Melansir laman Reuters, harga minyak Brent, menetap di posisi US$ 63,45 per barel, setelah jatuh lebih dari US$ 1 di awal sesi. Sedangkan minyak mentah AS ditutup naik 64 sen menjadi US$ 56,38, setelah berayun lebih dari US$ 2 per barel.

Ketegangan setelah pengiriman kapal Angkatan Laut AS ke perairan dekat Yaman dan peringatan yang dikeluarkan Arab Saudi tentang serangan militan mungkin juga akan menempatkan harga North Sea Brent dan mentah AS kembali turun, menurut para pedagang.

“Persaingan pengaruh pasti ada, di mana minyak mentah AS sebagai sapi jantan, sedangkan beruang menerkam rekor keluaran minyak Saudi,” kata John Kilduff, mitra Hedge Fund Energi Again Capital.

Perusahaan jasa minyak Genscape melaporkan penurunan lebih 900 ribu barel pada titik pengiriman Cushing, Oklahoma. SAampai Jumat, Genscape melaporkan membangun sekitar 350 ribu barel.

Spekulasi telah tersebar luas bahwa cepat jika pasokan minyak mentah AS akan segera menyebabkan tangki penyimpanan di Cushing bertambah, meninggalkan sedikit atau tidak ada ruang untuk pasokan yang lebih.
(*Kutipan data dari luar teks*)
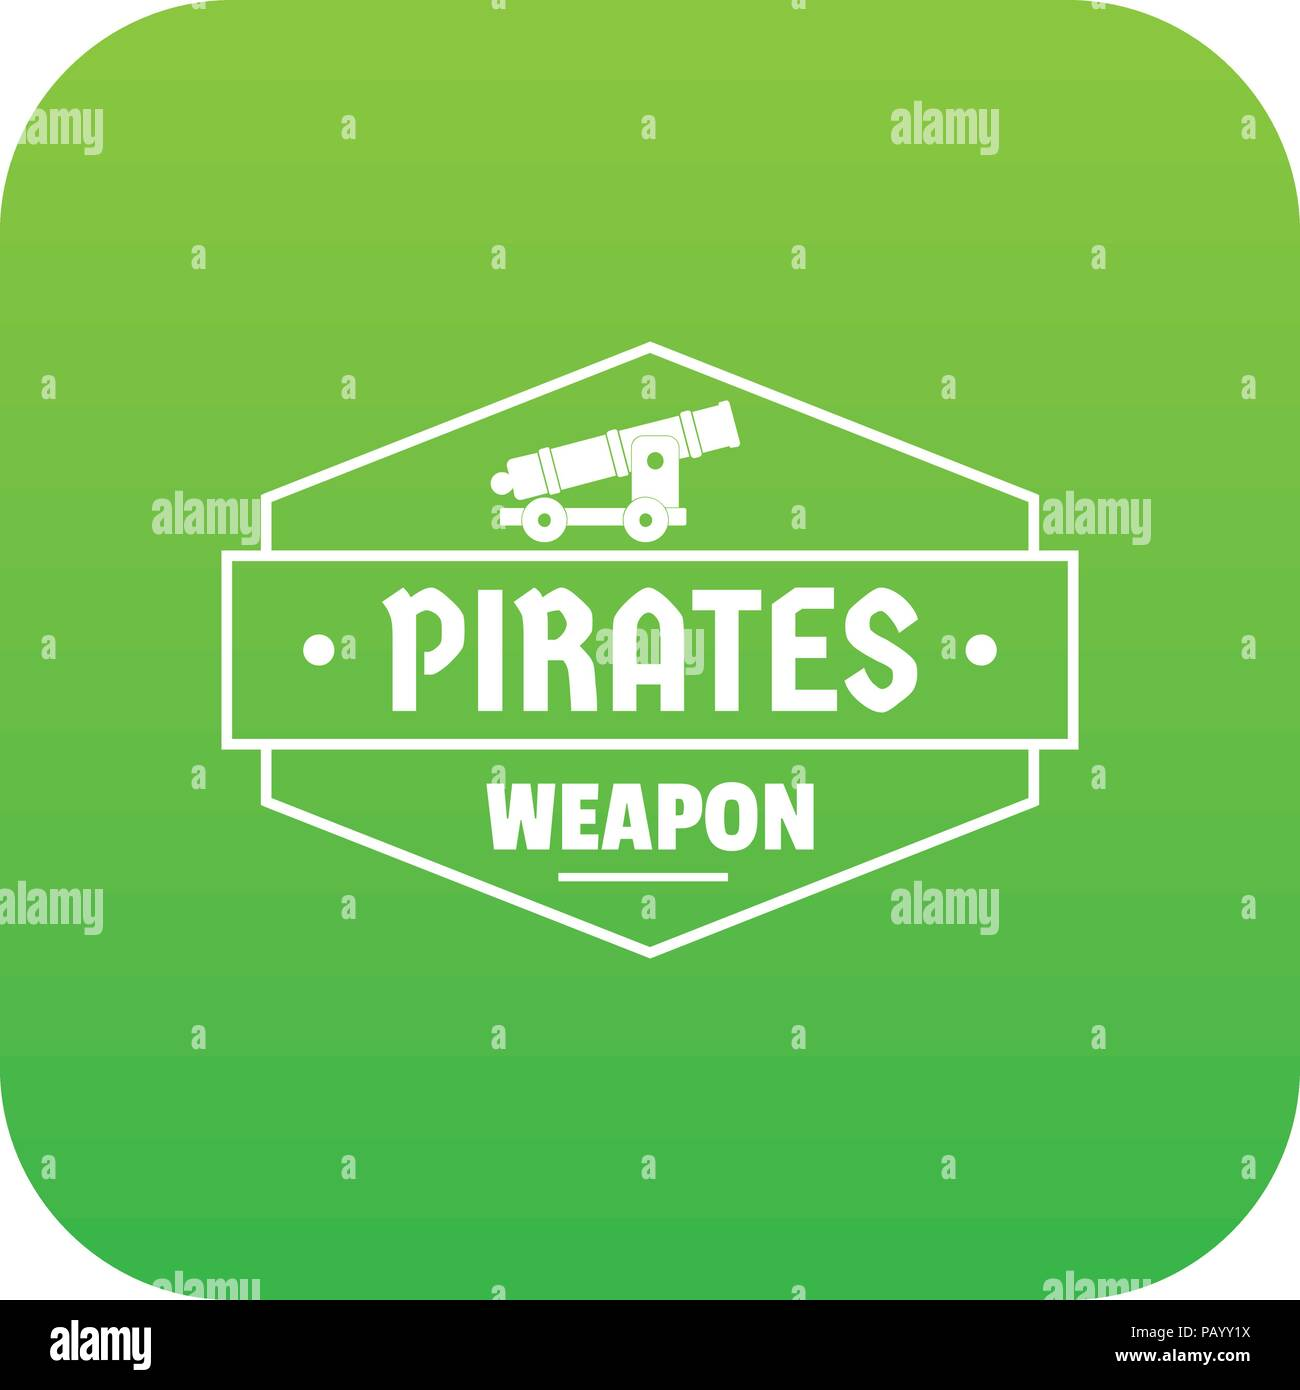 Piraten Kanone Symbol grün Vektor Stockbild

Penurunan yang dilaporkan Genscape meredakan kecemasan itu.

Harga minyak mentah telah meningkat sekitar 17 persen sejak April mulai, di tengah spekulasi tentang sebagai jumlah rig minyak AS di dalam negeri mencapai posisi terendah di 2010.
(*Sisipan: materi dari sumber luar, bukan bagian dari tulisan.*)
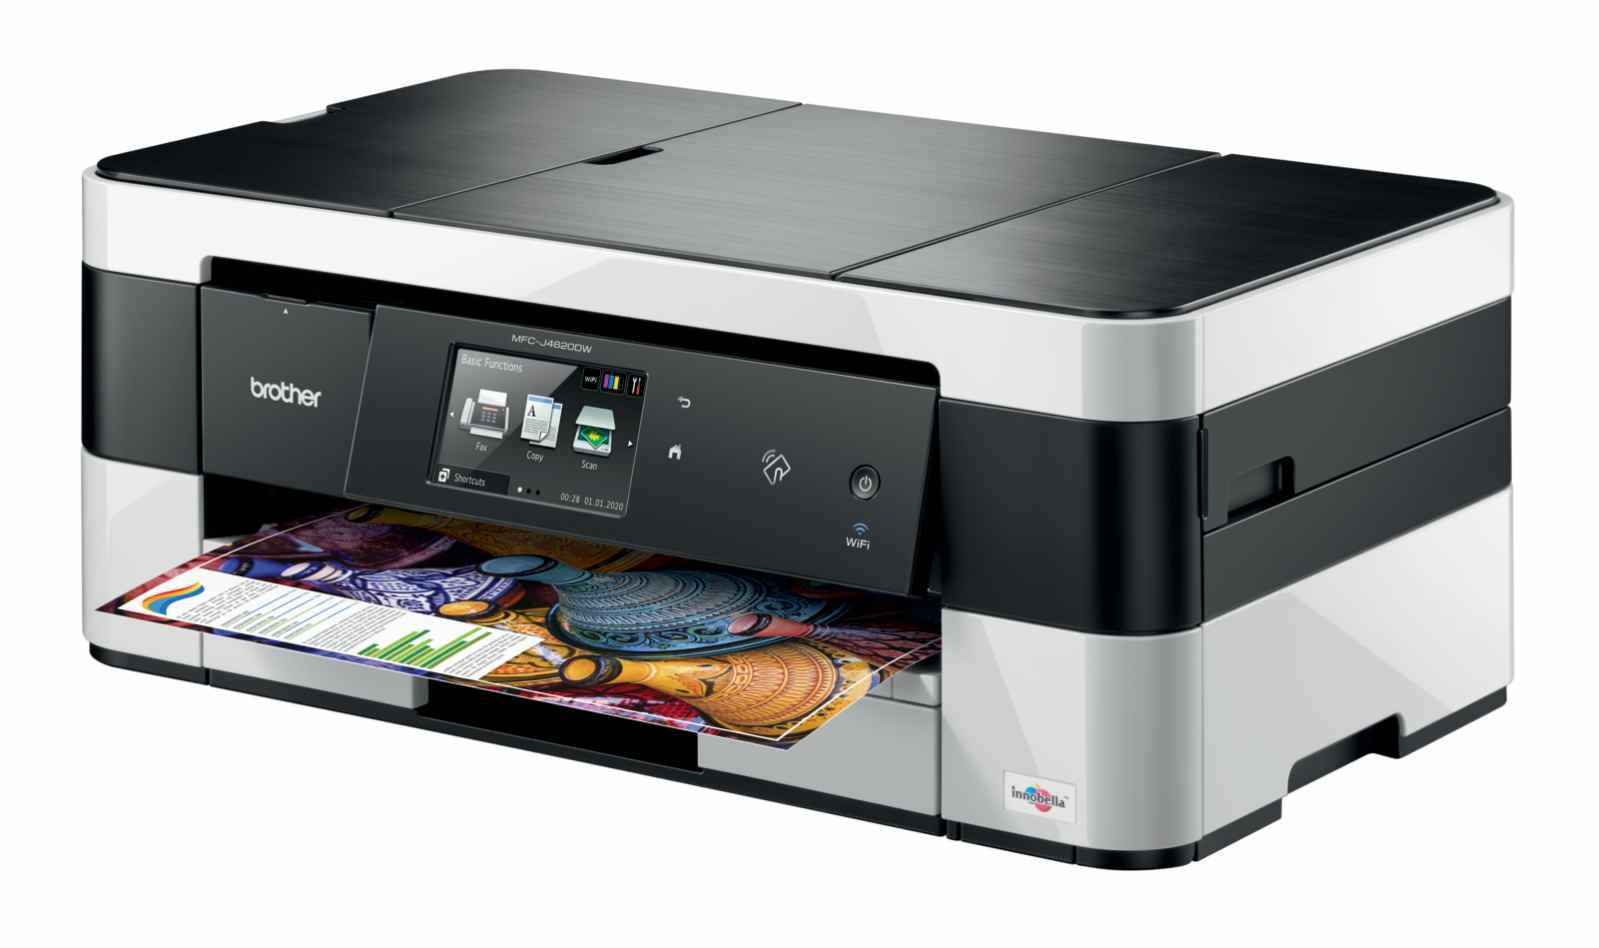 Brother MFC-J4620DW, tiskárna/kopírka/skener/fax, tisk na šířku, duplexní tisk, síť, ethernet, WiFi, NFC, dotykový LCD

Namun bank dan utama Wall Street pedagang energi Morgan Stanley mengatakan penurunan itu bisa sebanding dengan peningkatan produksi Saudi.

“Arab Saudi saja menambahkan setara dengan setengah dari produksi Bakken dalam hitungan bulan – jauh melampaui perlambatan AS,” kata surat itu.

Bakken, AS shale bidang ketiga terbesar dengan produksi, sekitar 1,3 juta barel per hari.

Menteri Perminyakan Arab Saudi Ali al-Naimi kepada Reuters mengatakan, negaranya diperkirakan akan menghasilkan pada produksi rekor tertinggi mendekati sekitar 10 juta barel per hari pada April. (Nrm)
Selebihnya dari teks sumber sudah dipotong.